## Brief
Find "Union League in Philadelphia." in the material, then return exactly the line containing it and all lines after it to the end, leaving out pictures.

[[ Working data, beginning ]]

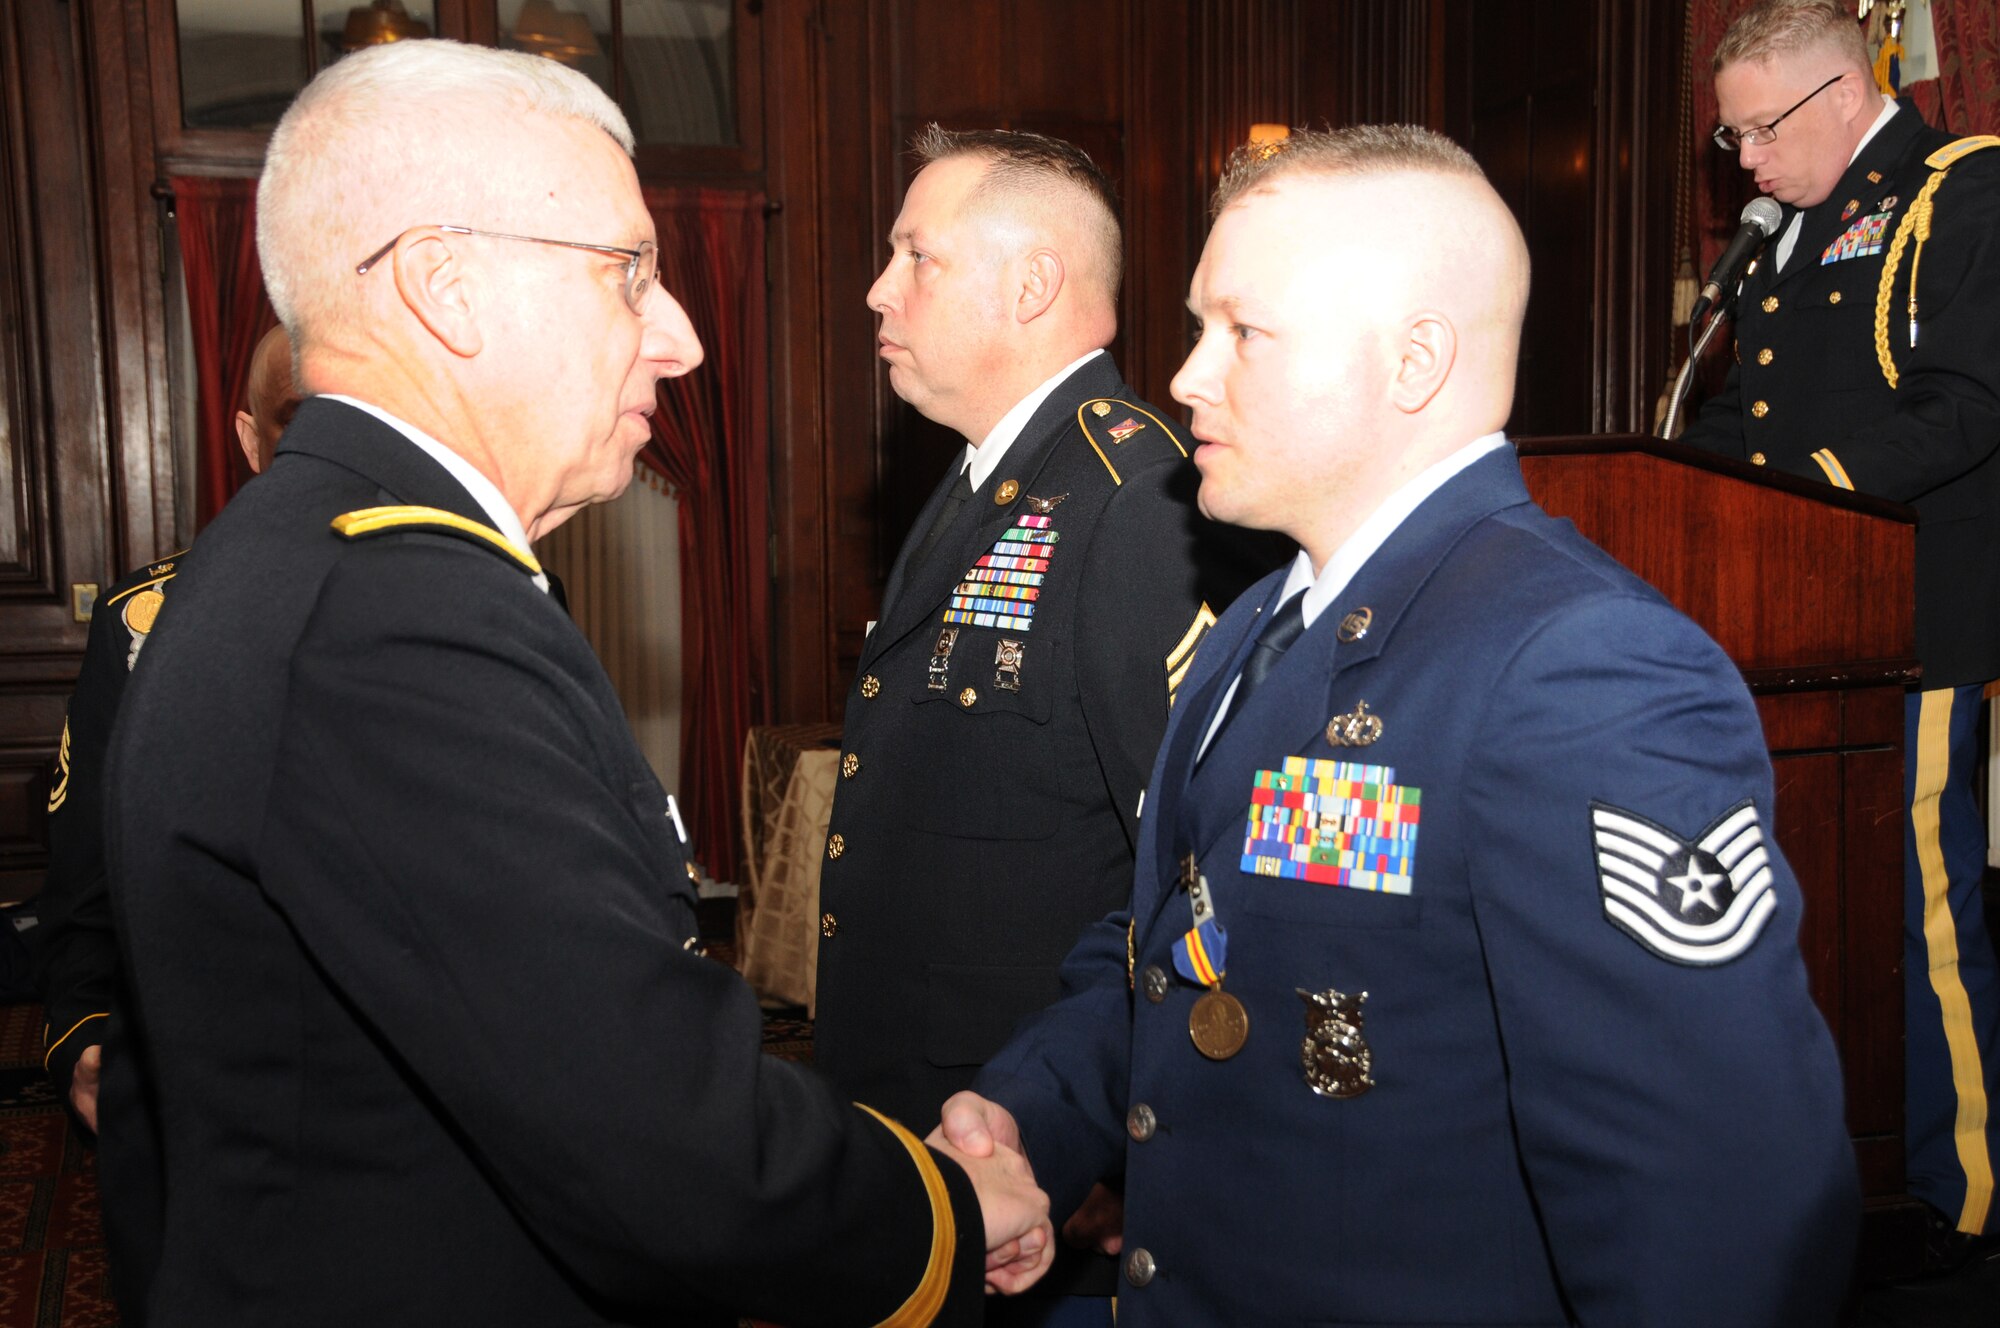 Army Maj. Gen. Wesley E. Craig, adjutant general of Pa. (left) with 2013 Octavius
V. Catto Medal recipients Army Sgt. 1st Class Bruce E. Facer, Sr. (center) and
Tech. Sgt. Kevin Watson (right) at an official award ceremony held Feb. 23 at the
Union League in Philadelphia.
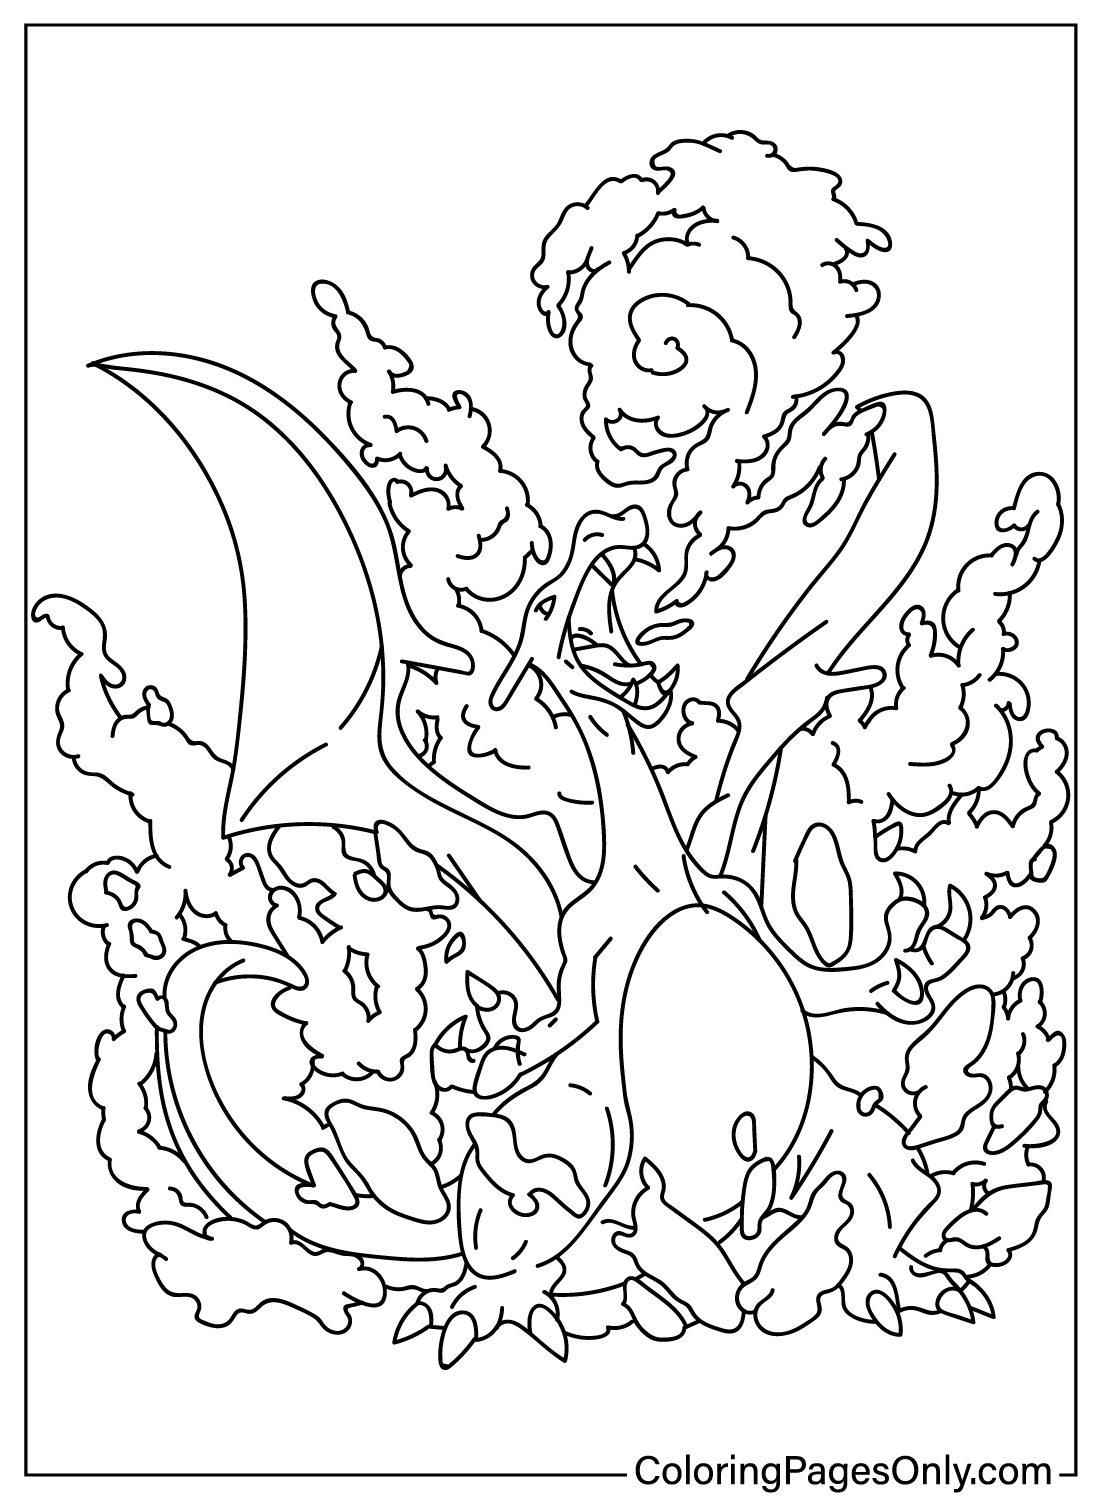 Coloring pages only on x ððdive into the fiery world of unique charizard coloring pages ððð httpstcoemzizpxuws charizard pokemon coloringpagesonly coloringpages coloringbook art fanart sketch drawing draw coloring usa trend
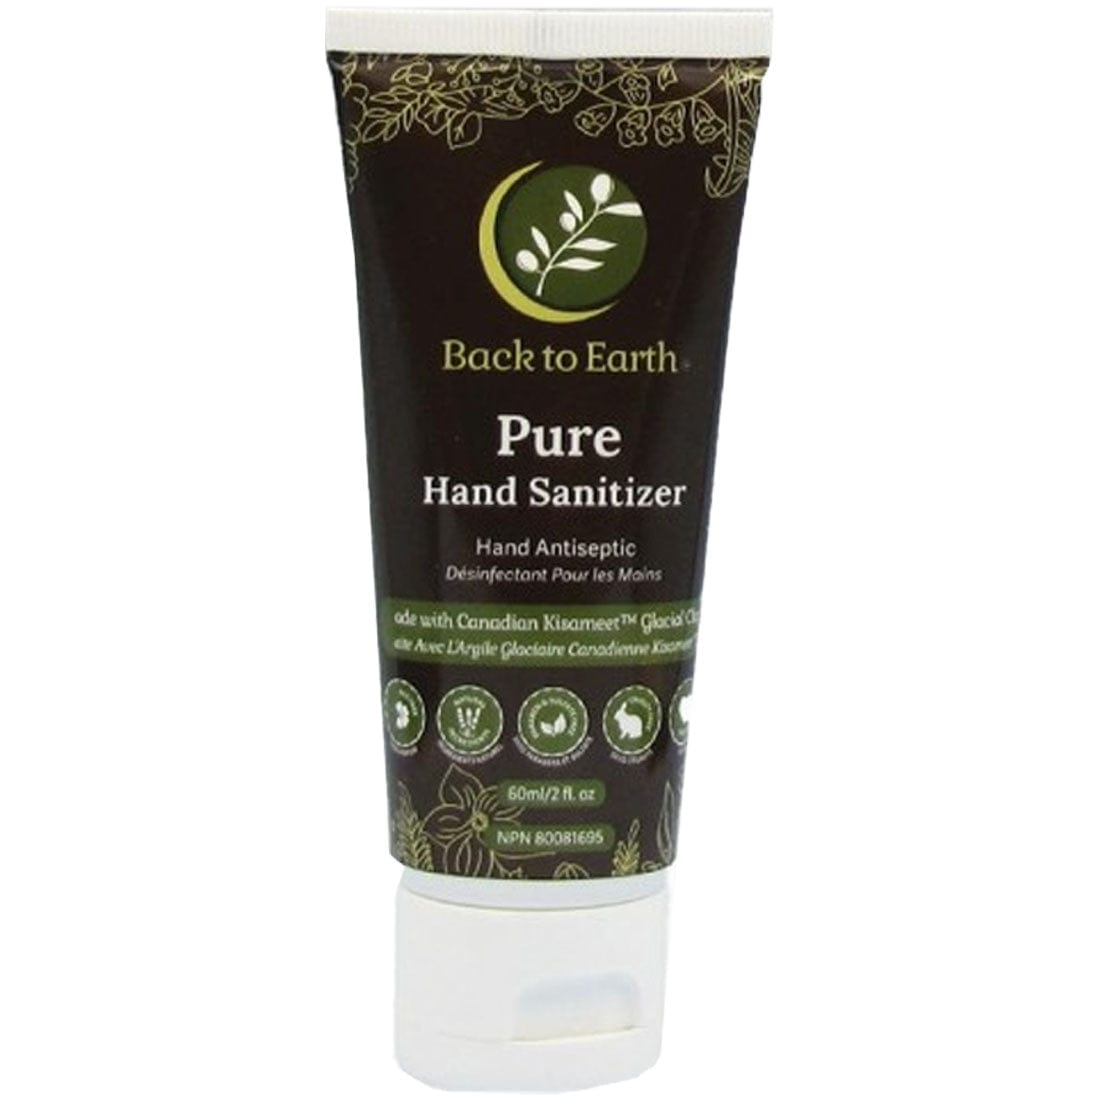 Back To Earth Pure Hand Sanitizer, 60ml, Clearance 80% Off, Final Sale

[[ Working data, end ]]

## Answer section
Union League in Philadelphia.
 Coloring pages only on x ððdive into the fiery world of unique charizard coloring pages ððð httpstcoemzizpxuws charizard pokemon coloringpagesonly coloringpages coloringbook art fanart sketch drawing draw coloring usa trend
 Back To Earth Pure Hand Sanitizer, 60ml, Clearance 80% Off, Final Sale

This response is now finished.